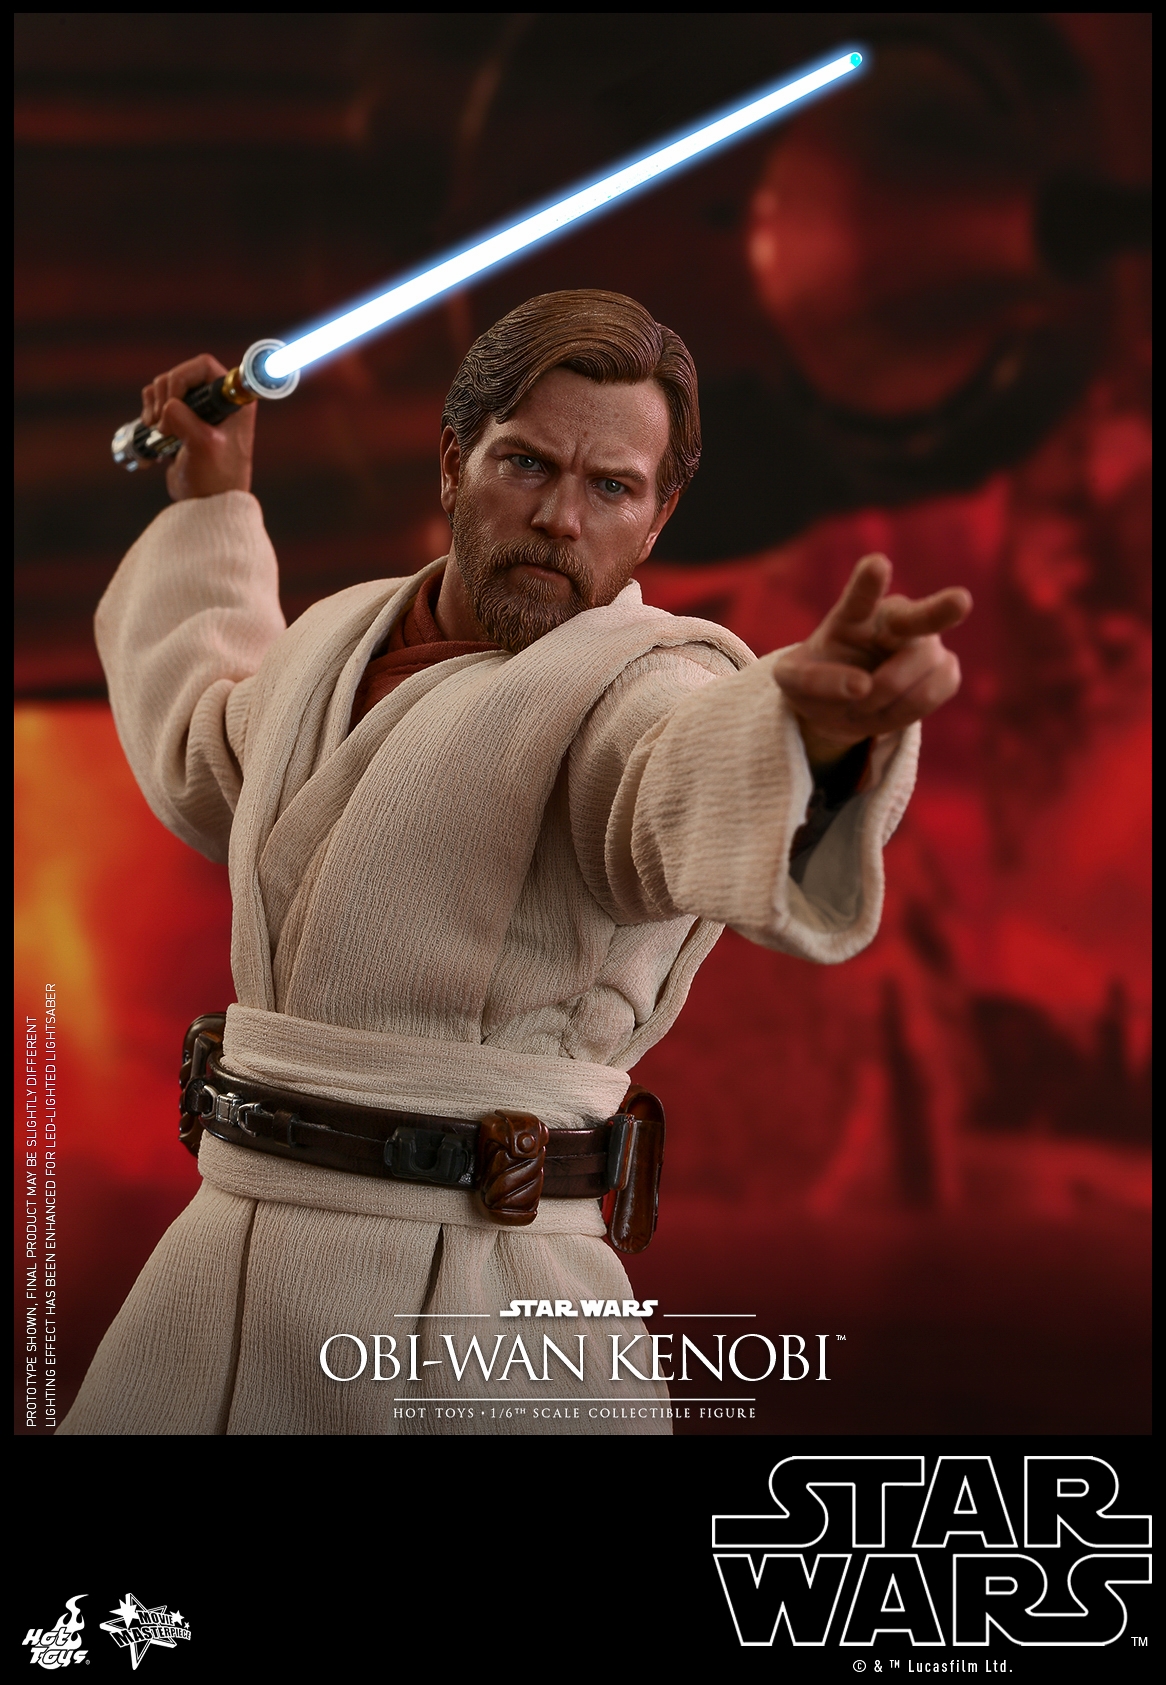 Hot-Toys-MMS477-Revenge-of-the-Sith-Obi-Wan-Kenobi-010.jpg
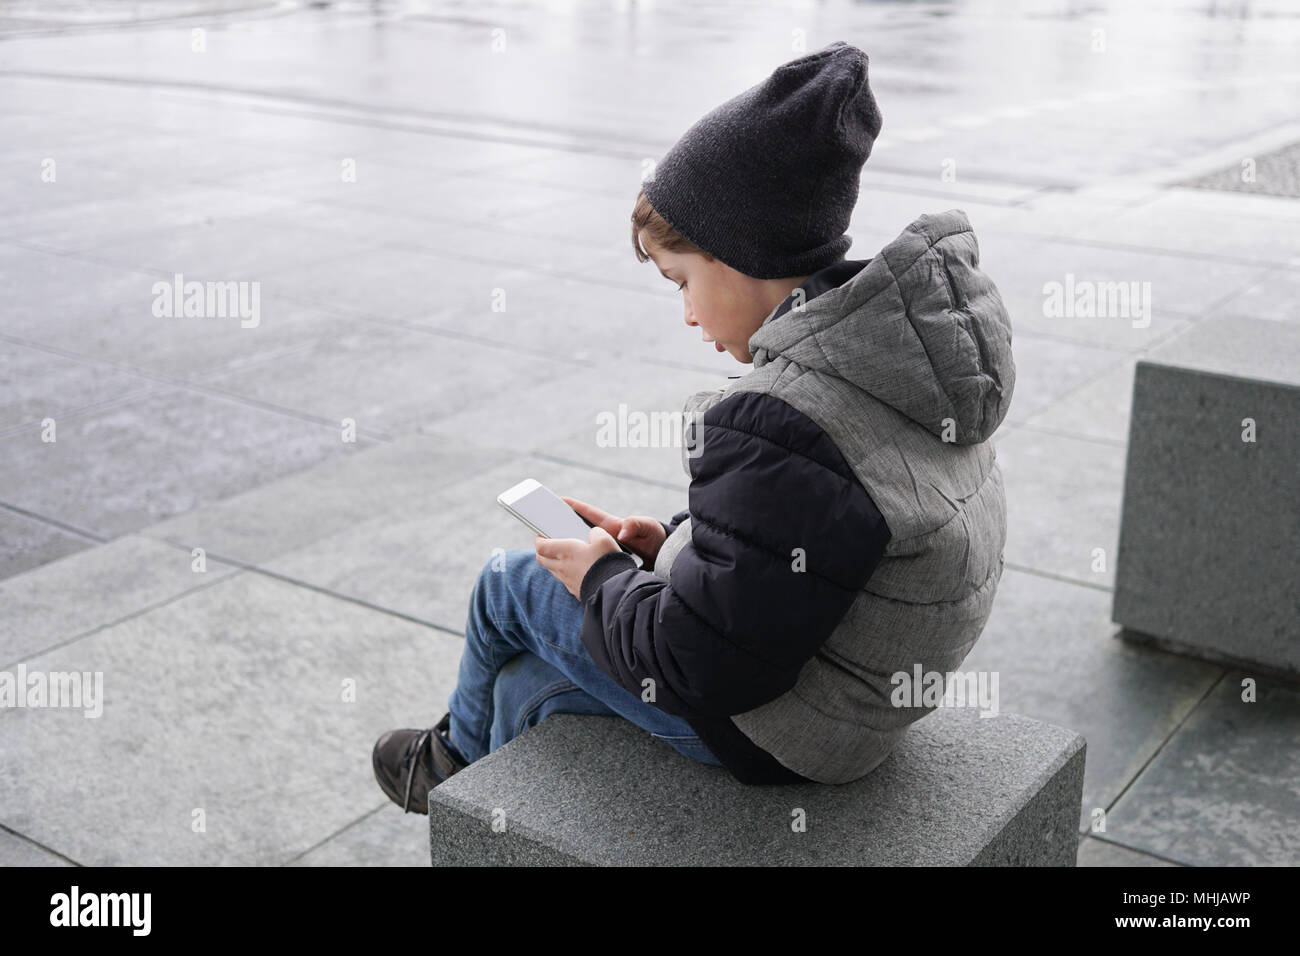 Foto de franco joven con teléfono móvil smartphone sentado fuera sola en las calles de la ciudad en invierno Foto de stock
===
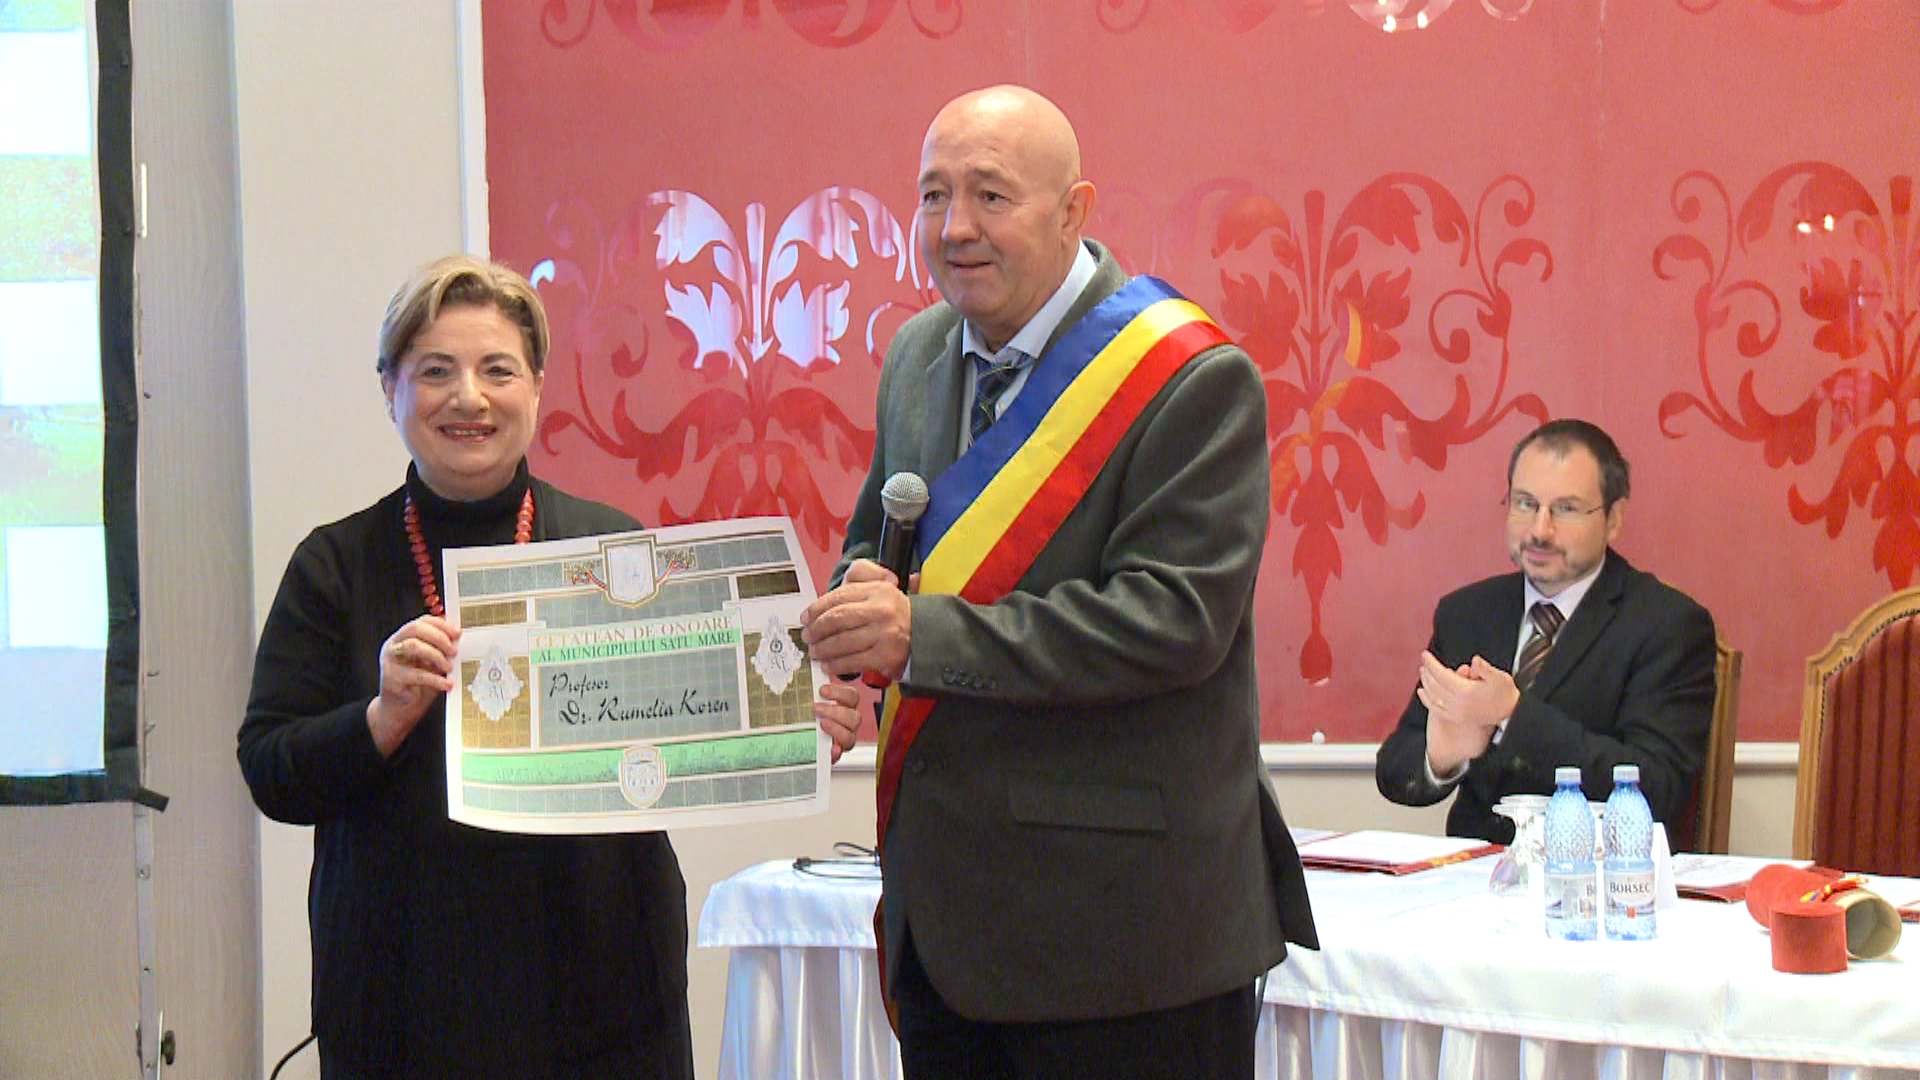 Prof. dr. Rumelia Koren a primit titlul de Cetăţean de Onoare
===
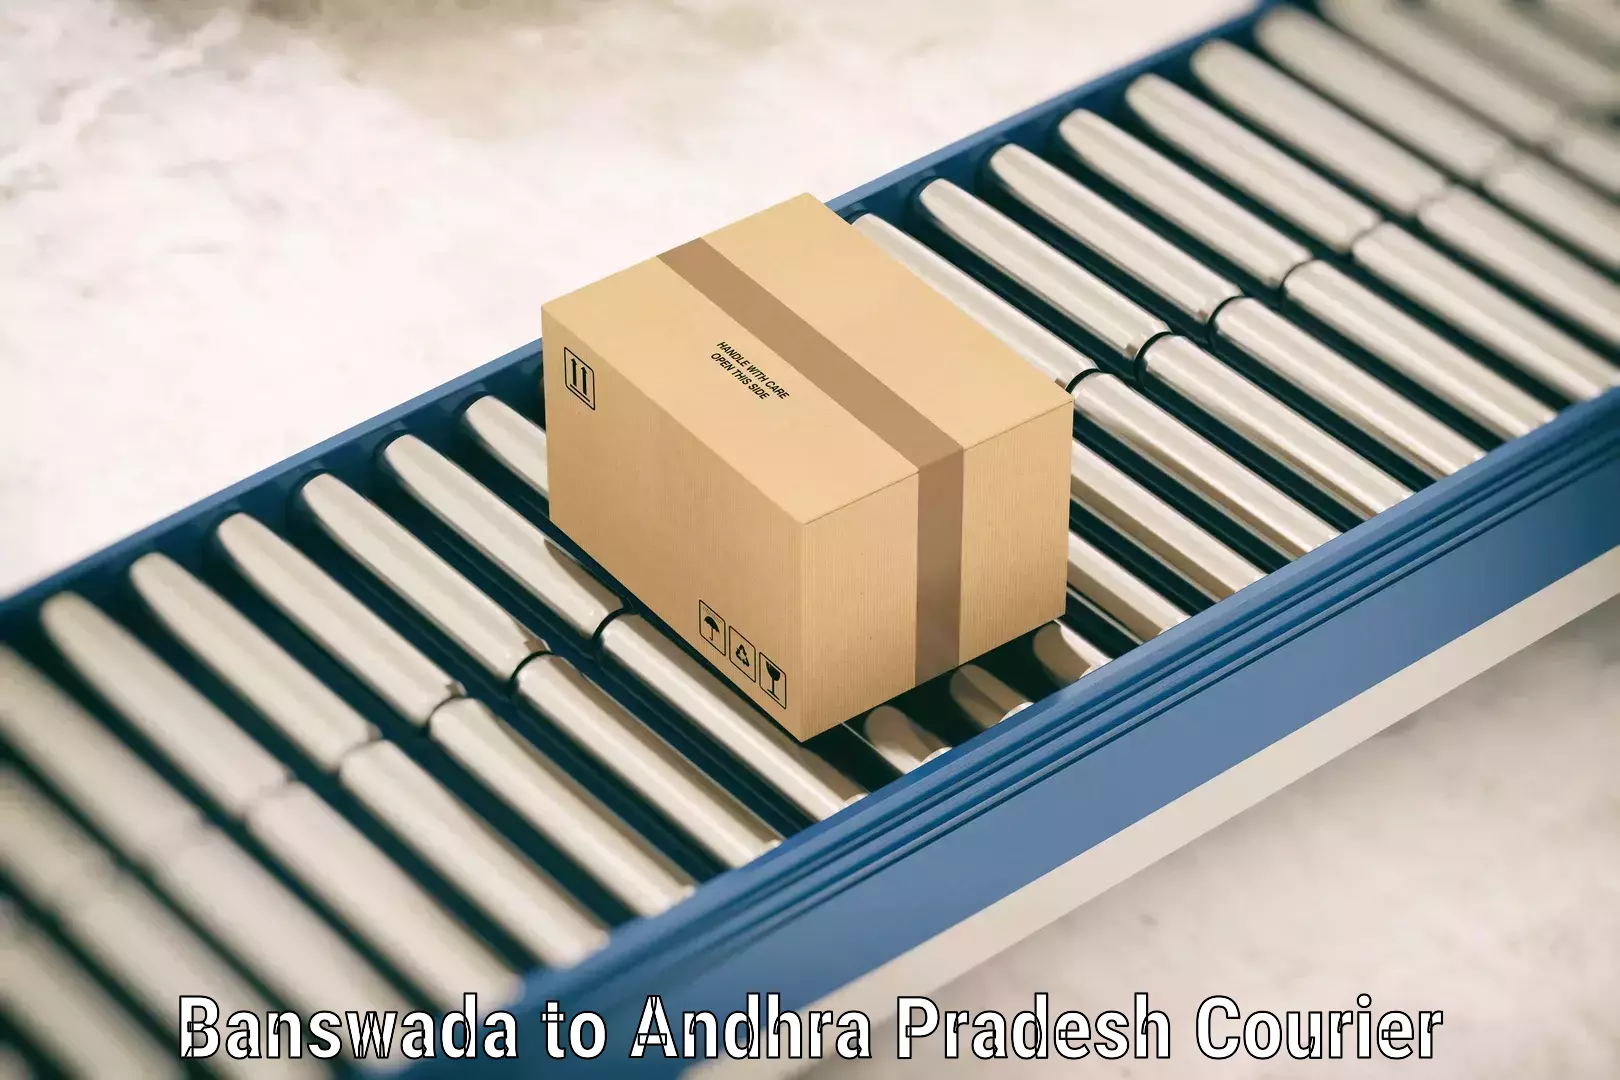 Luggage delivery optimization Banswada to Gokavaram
===
**What needs to be done:** What is wanted is an exact copy of the lines above from the one containing "Hot-Toys-MMS477-Revenge-of-the-Sith-Obi-Wan-Kenobi-010.jpg" through the one containing "Foto de franco", with no pictures in it.

**Written response:**
 Hot-Toys-MMS477-Revenge-of-the-Sith-Obi-Wan-Kenobi-010.jpg
 Foto de franco joven con teléfono móvil smartphone sentado fuera sola en las calles de la ciudad en invierno Foto de stock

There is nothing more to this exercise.